=== Section Start ===

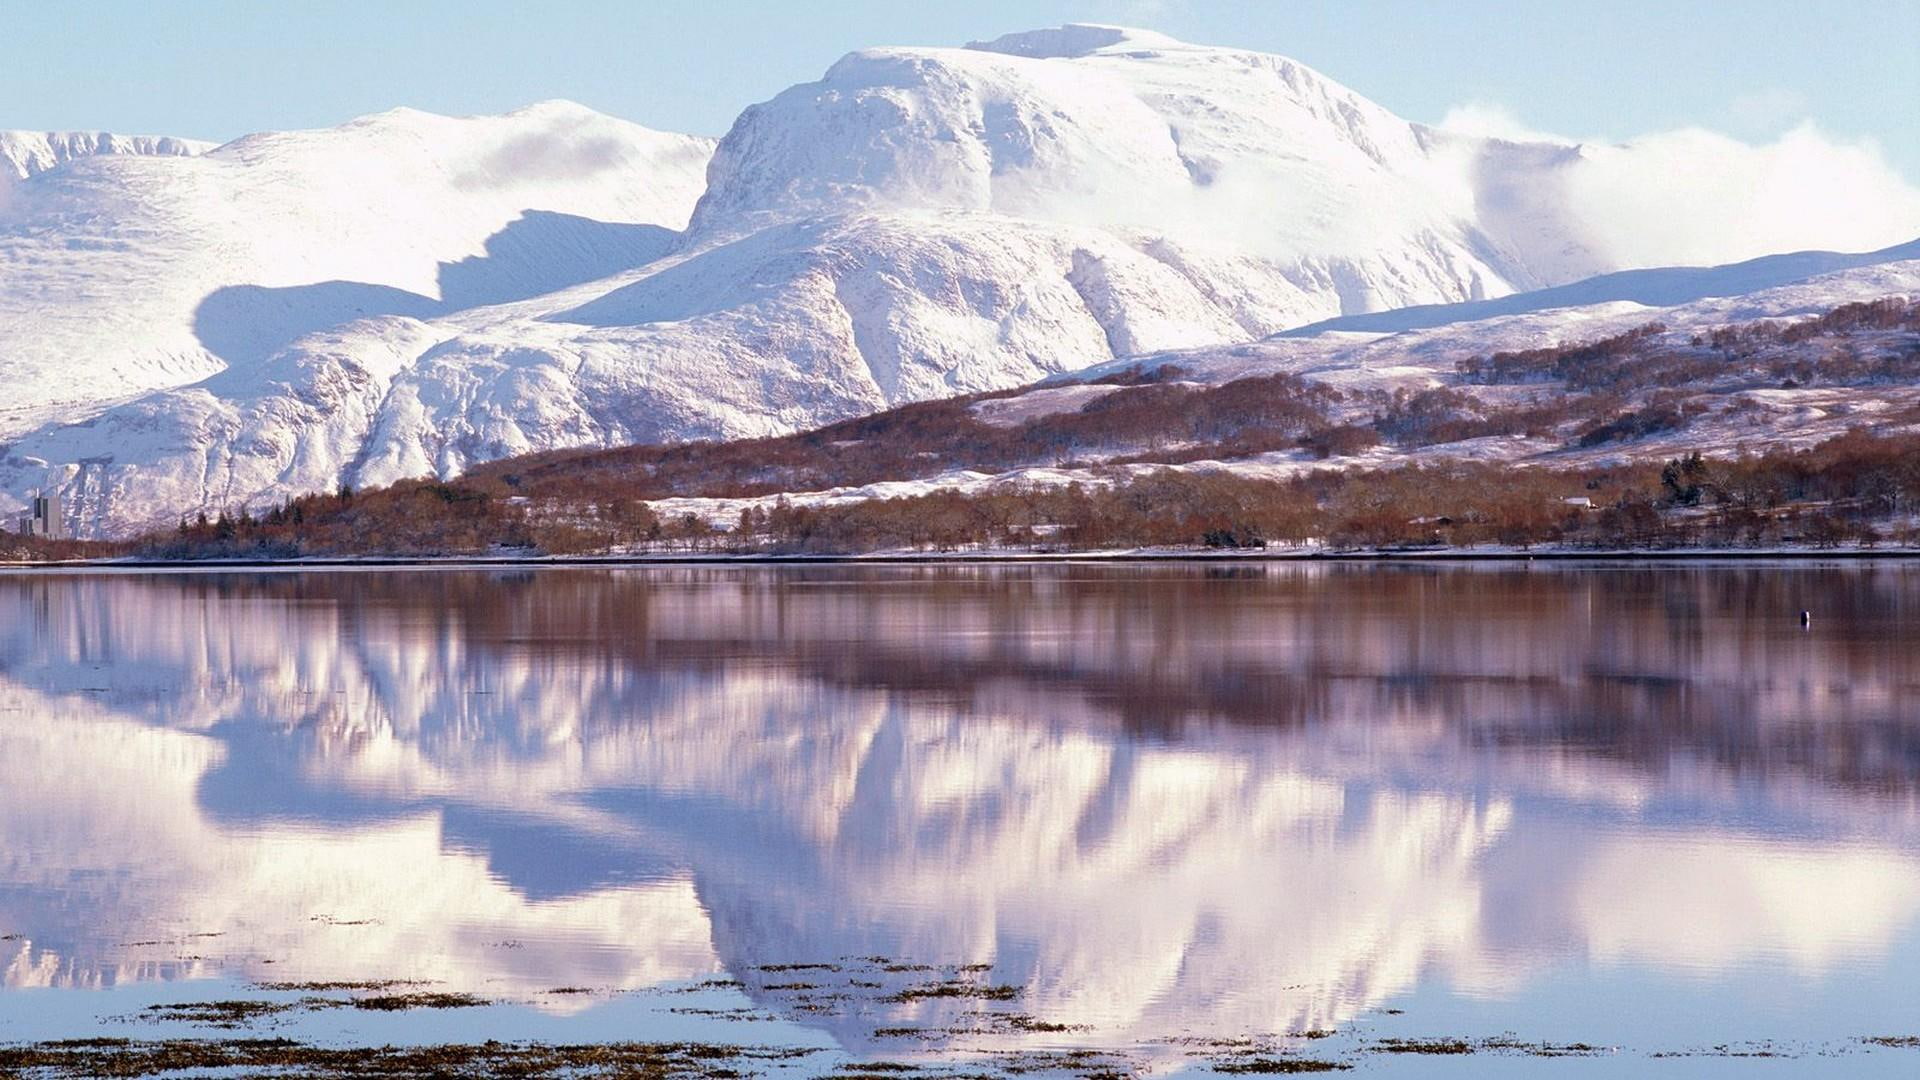 Ben Nevis Tallest Mountain In Scotl, reflection, snow, lake, nature and landscapes
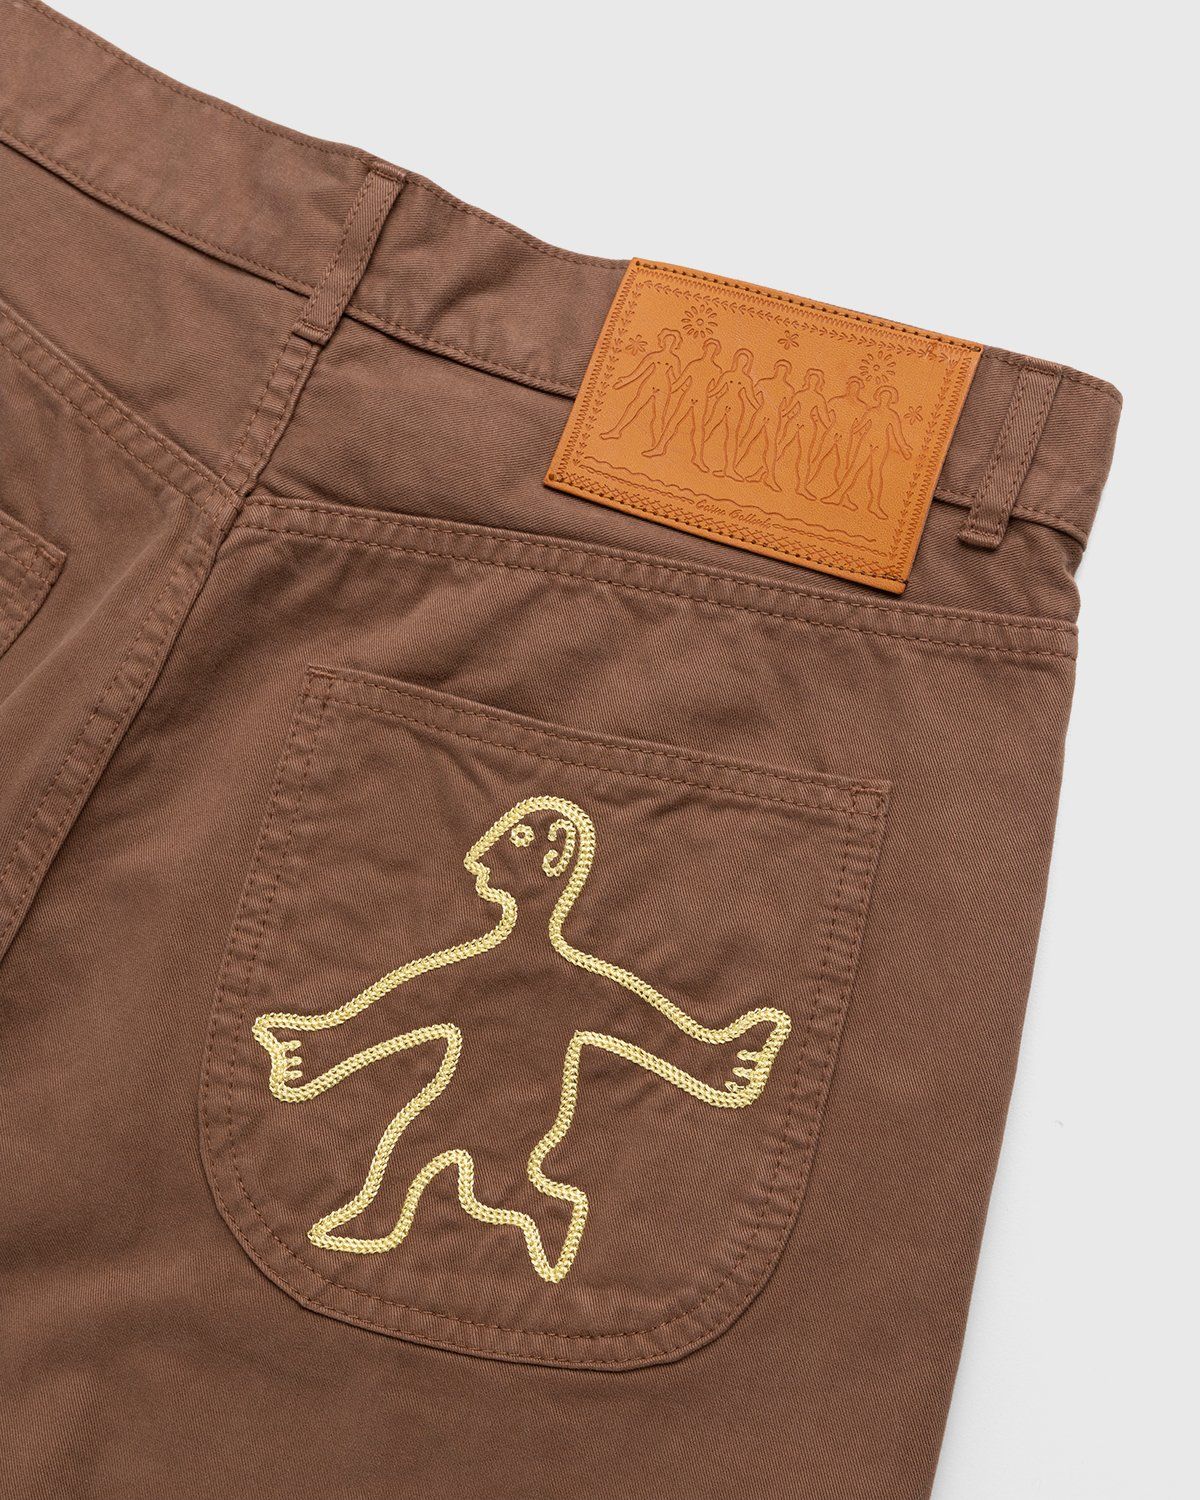 Carne Bollente – The Back Bump Trouser Brown - Image 5
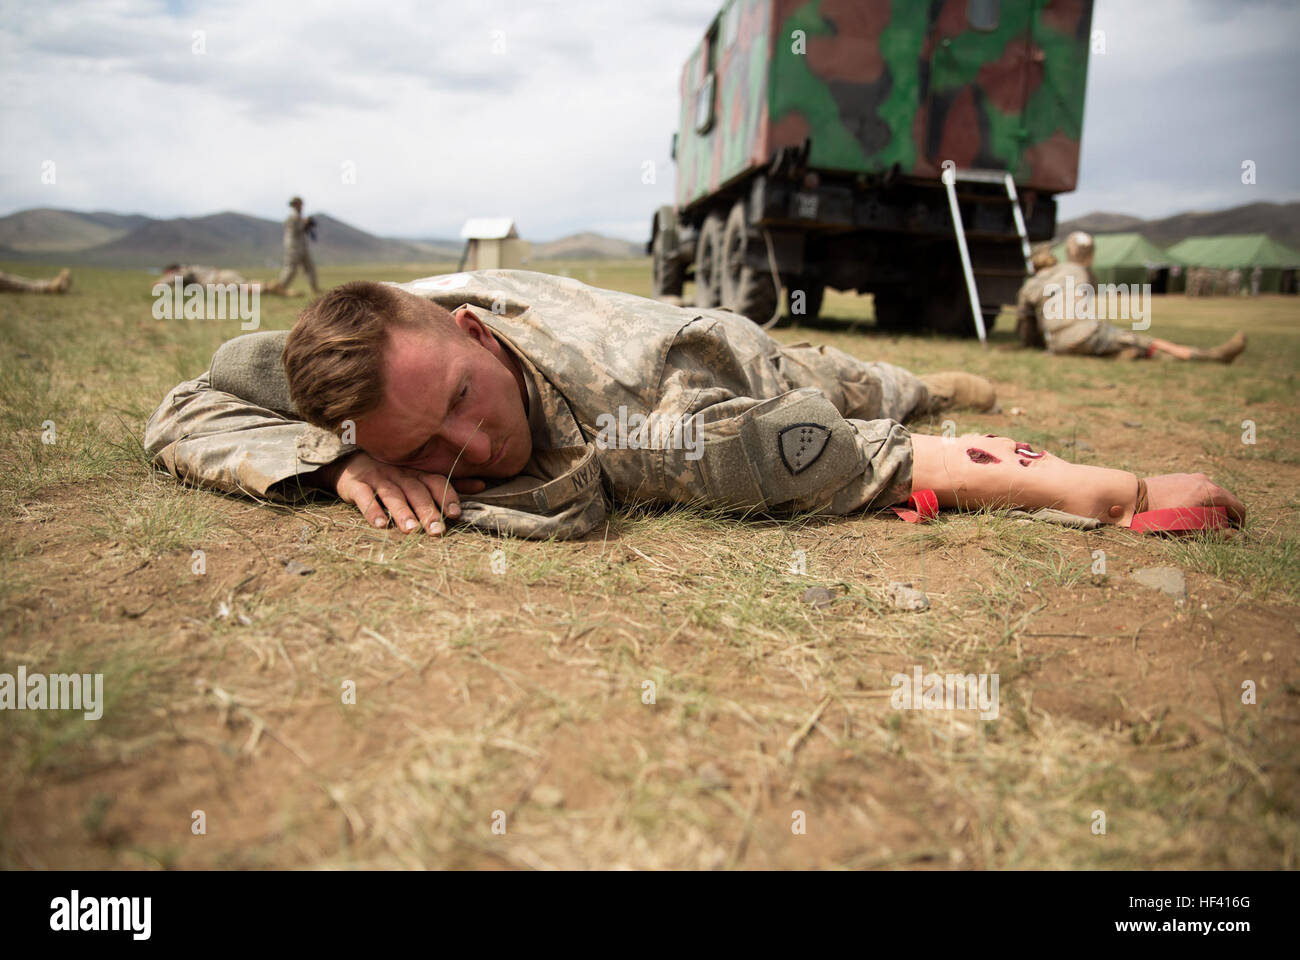 Army Sgt. Corey Bryan volunteers to pose as a simulated casualty in a practical application exercise in the combat medical care lane of Khaan Quest 2016 at Five Hills Training Area near Ulaanbaatar, Mongolia, May 30. The training equipped soldiers with essential life-saving skills and the ability to prioritize injuries and medical care. Khaan Quest 2016 is an annual, multinational peacekeeping operations exercise hosted by the Mongolian Armed Forces, co-sponsored by U.S. Pacific Command, and supported by U.S. Army Pacific and U.S. Marine Corps Forces, Pacific. Khaan Quest, in its 14th iteratio Stock Photo
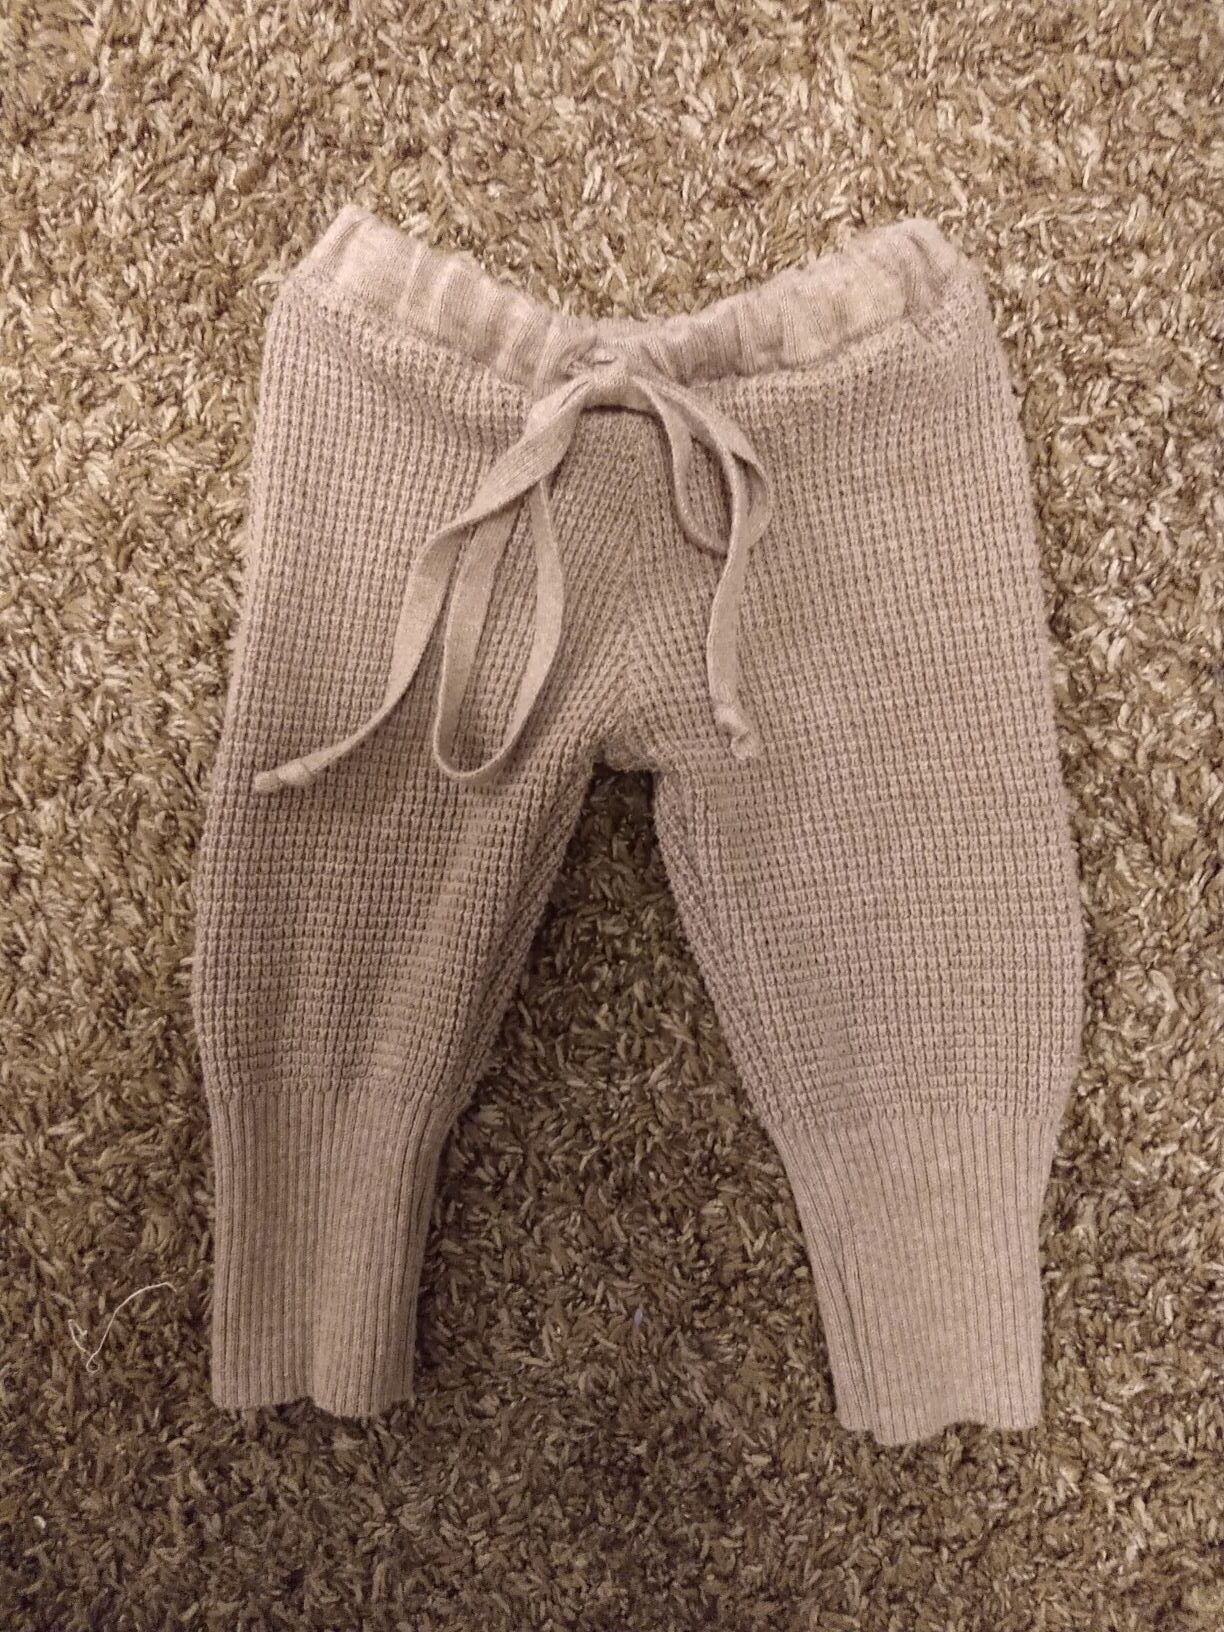 DIY Baby Pants from an Upcycled Jacket - Oui Chéri Lifestyle

=== Section End ===

▸ Work to complete:
Restate word for word each line from the top of the listing down to and including the line that holds "Carne Bollente –". Drop any pictures.

▸ Answer to the problem:
 Ben Nevis Tallest Mountain In Scotl, reflection, snow, lake, nature and landscapes
 Carne Bollente – The Back Bump Trouser Brown - Image 5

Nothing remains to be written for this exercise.